Highlighting and Snippets in VuFind 1.1

Posted by: Demian Katz
Posted Date: March 23, 2011
Filed Under: Library News, Technology Developments
Tags: vufind

One of the perils of keyword-based searching is that sometimes it is not totally clear why certain results show up after performing a search. Fortunately, two common conventions help ease this problem: highlighting matching keywords and displaying snippets of text to show matches in context. The Solr index engine has supported both of these features for a long time, but VuFind has only provided robust support for them starting in version 1.1.

Activating Highlighting and Snippets in VuFind

As a VuFind administrator, if you want to take advantage of these new features, all you have to do is upgrade to VuFind 1.1 and they will be turned on by default. If you want to turn them off or adjust some of the behavior, you can make a few adjustments to your searches.ini file as described in the VuFind wiki. Unless you are interested in the technical workings behind the scenes, that is all you need to know. Have fun!

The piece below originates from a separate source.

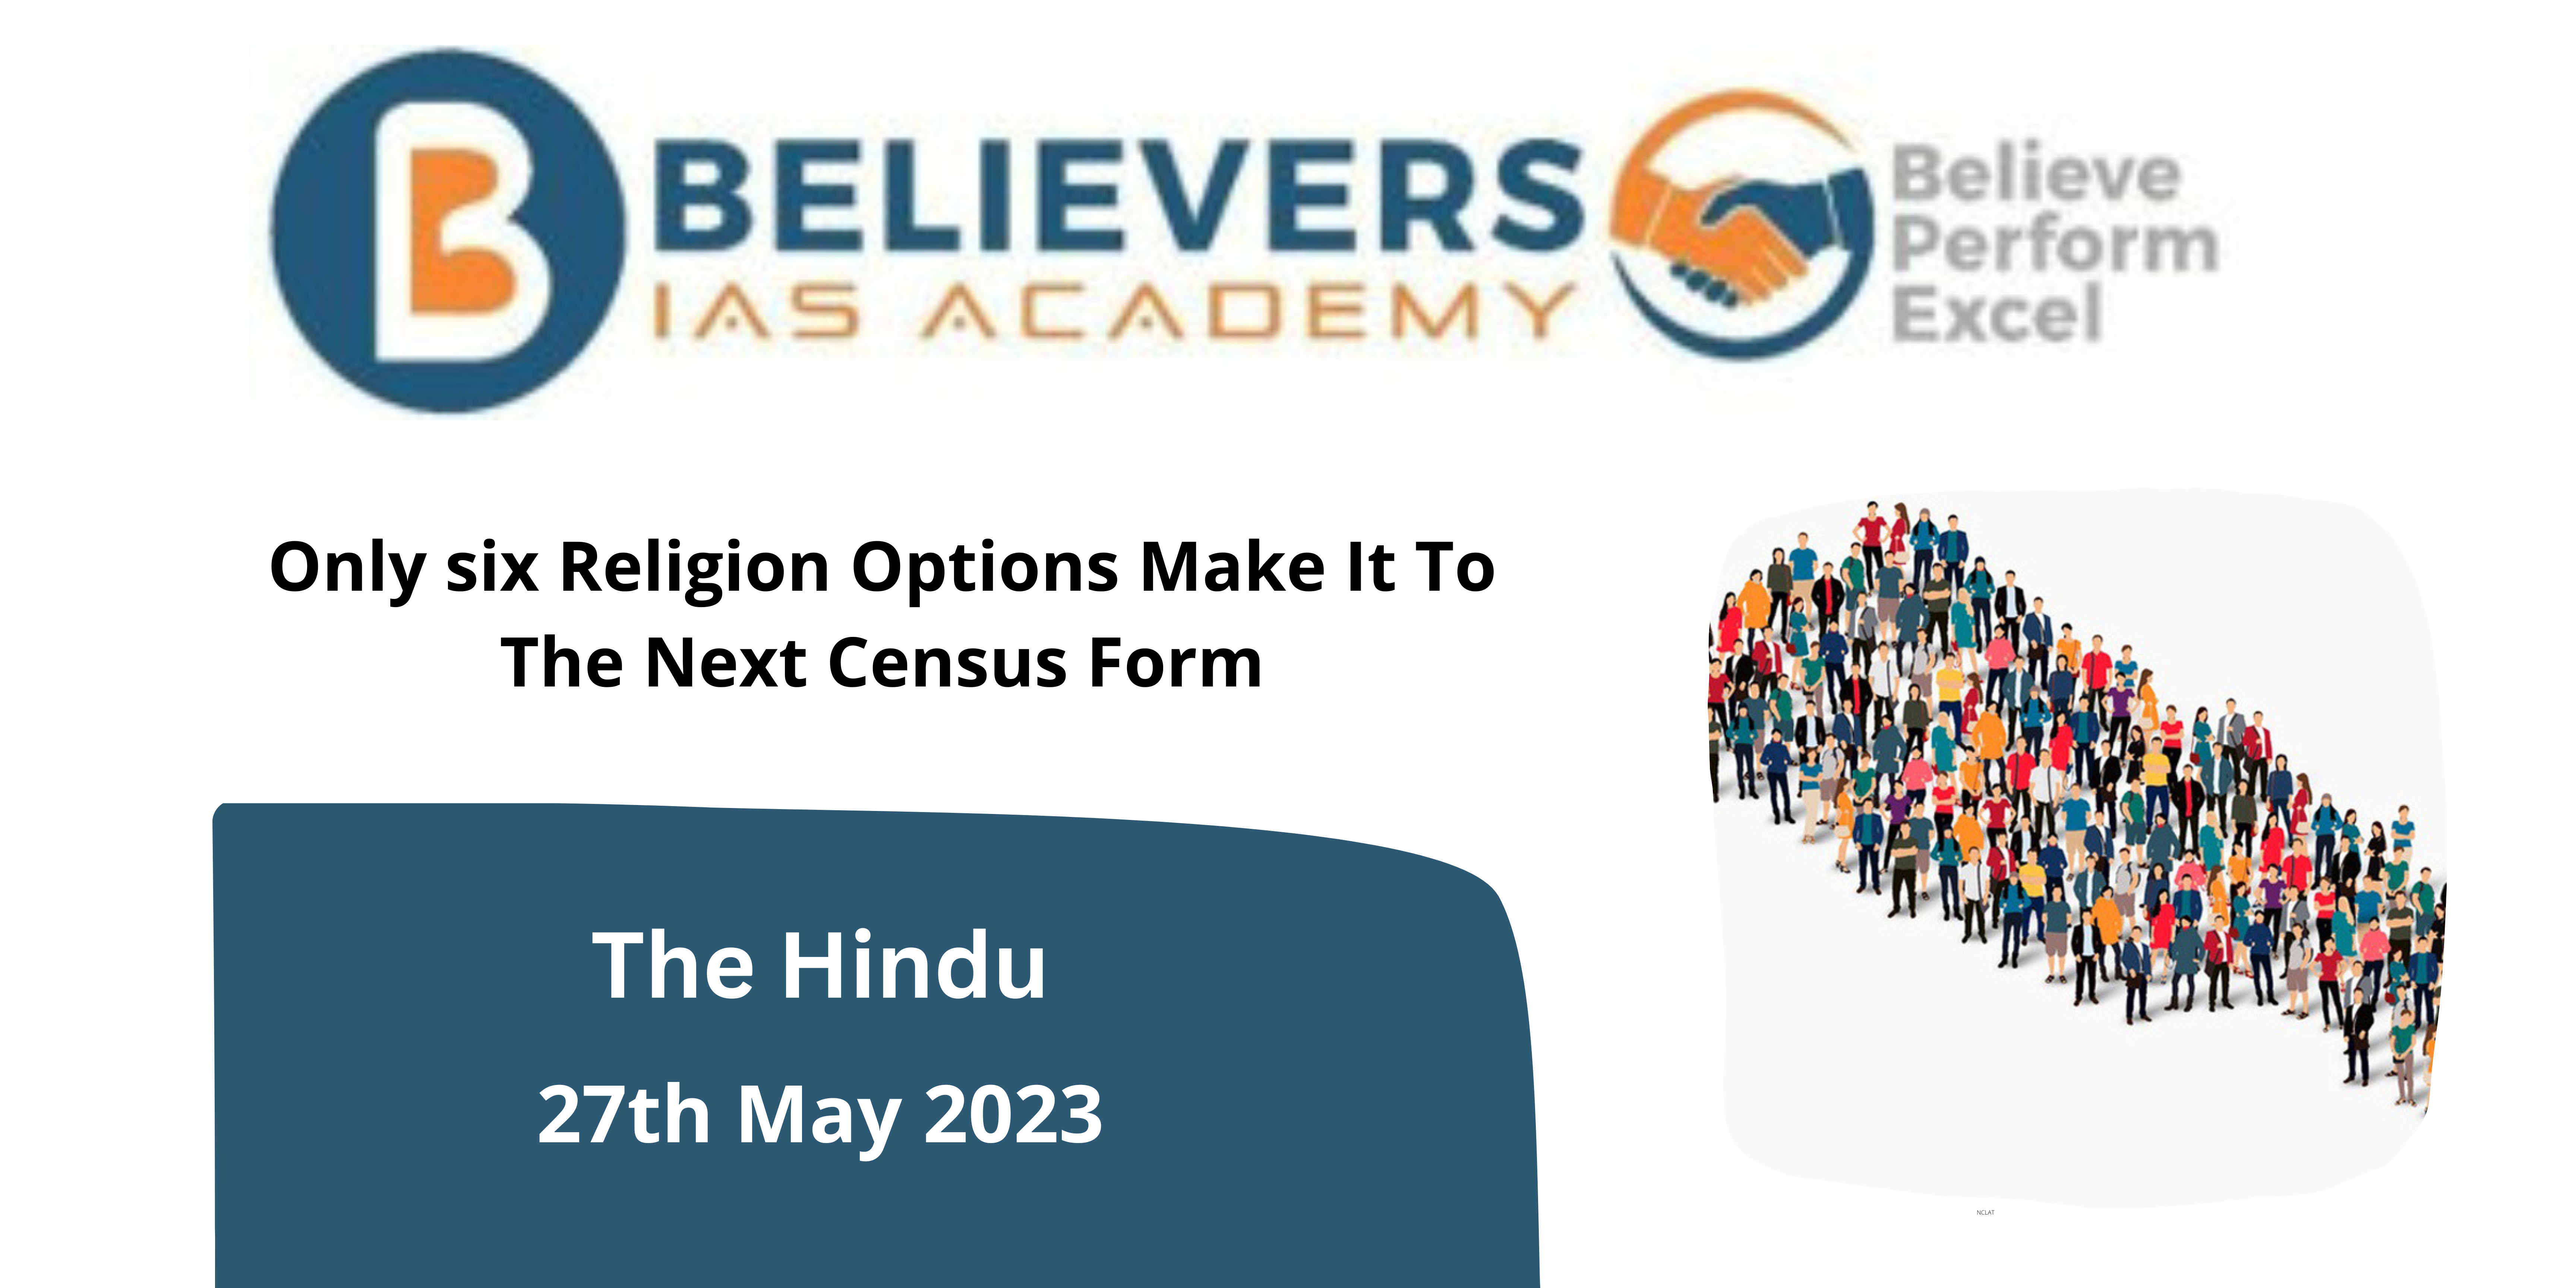 Only six Religion Options Make It To The Next Census Form

Solr power users, VuFind developers and other interested techies, please read on….

Highlighting and Snippets at the Solr Level

Solr’s support for highlighting and snippets is straightforward. By means of some search parameters (set in the solrconfig.xml configuration file and/or as part of the search request), you tell Solr whether or not to apply highlighting, which fields to highlight, how to mark highlighted words, and so forth. When highlighting is requested, Solr adds a new section to its search response listing all of the highlighted phrases found in all of the documents in the search response. The highlighting information is completely separate from the main list of search results, so highlighting does not actually alter the main part of the Solr response — the details need to be merged in by the calling code.

Problem #1: Marking Highlighted Text

One of the first problems that needs to be addressed is how to mark highlighted words in the Solr response. Solr provides hl.simple.pre and hl.simple.post parameters which can be used to specify text to mark the beginning and ending of highlighted words. The obvious first temptation is to simply stick some HTML in here — "<em>" and "</em>", for example. This can lead to pitfalls, however — if you are escaping your output, the HTML won’t make it through, and the end user will actually see the HTML code. If you are not escaping your output, then text between or around the emphasis tags may get misinterpreted as HTML, leading to garbled displays (never assume you won’t have angle brackets somewhere in your records!).

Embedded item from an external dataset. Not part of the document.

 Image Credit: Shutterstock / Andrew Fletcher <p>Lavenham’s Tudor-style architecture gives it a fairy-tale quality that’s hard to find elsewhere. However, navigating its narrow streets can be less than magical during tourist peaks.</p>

VuFind’s solution to this problem is fairly obvious — it uses markers that are extremely unlikely to show up in record text (“{{{{START_HILITE}}}}” and “{{{{END_HILITE}}}}”) and defines a special escaping routine used only for highlighted text. When displaying something that it knows has been highlighted, it first escapes any possible HTML entities, and THEN it replaces the highlighting markers with HTML code that achieves the actual highlighting logic. You can see the Smarty modifier that achieves this work here. Note that the Smarty code contains some extra logic for finding and highlighting words, since it is also designed for use by other modules of VuFind that are unable to rely on Solr’s highlighting capabilities — this logic is ignored when Solr results are being displayed.

Problem #2: Merging Highlighting Data with Records

As mentioned above, Solr provides highlighting information completely separately from its search result list. This can be rather inconvenient since it requires code to look in two different places during record processing. The first temptation when encountering this problem is to write code that merges everything together, overwriting fields in the main response with highlighted versions found elsewhere in the response. However, as with many first temptations, that’s a bad idea. First of all, you will very likely lose data if you do this. In a multi-valued field, it is possible that only certain values will be highlighted and others omitted entirely. Also, unless the hl.fragsize parameter is set to 0, snippets will be truncated to only show a few words around the highlighted term. Additionally, data loss aside, it is often convenient to have both highlighted and non-highlighted versions of fields available; for example, if you want to create a link to a page about an author, you want to use the non-highlighted text for inclusion in the target URL, but you want to use the highlighted version to display the link text.

Again, VuFind works through these issues in a fairly straightforward way. For convenience, it does merge the highlighting data with the search results so that code doesn’t need to look in two completely separate arrays for information about each record. However, it doesn’t overwrite any fields; instead, it creates a fake “_highlighting” field within the body of the record and stores all of the highlighting details in there. Whenever VuFind displays a field that might be subject to highlighting, it looks in two places — first it checks the _highlighting array and displays properly processed, highlighted text if it finds any. If no highlighted version exists, it fails over to the standard, non-highlighted text. Admittedly, this adds a bit more complexity to the display templates, but it seems a reasonable price to pay to ensure data integrity. It also helps to remind template designers where they need to use the Smarty highlight modifier described above, greatly reducing the risk of any “{{{START_HILITE}}}” tags accidentally slipping through to the end user’s display.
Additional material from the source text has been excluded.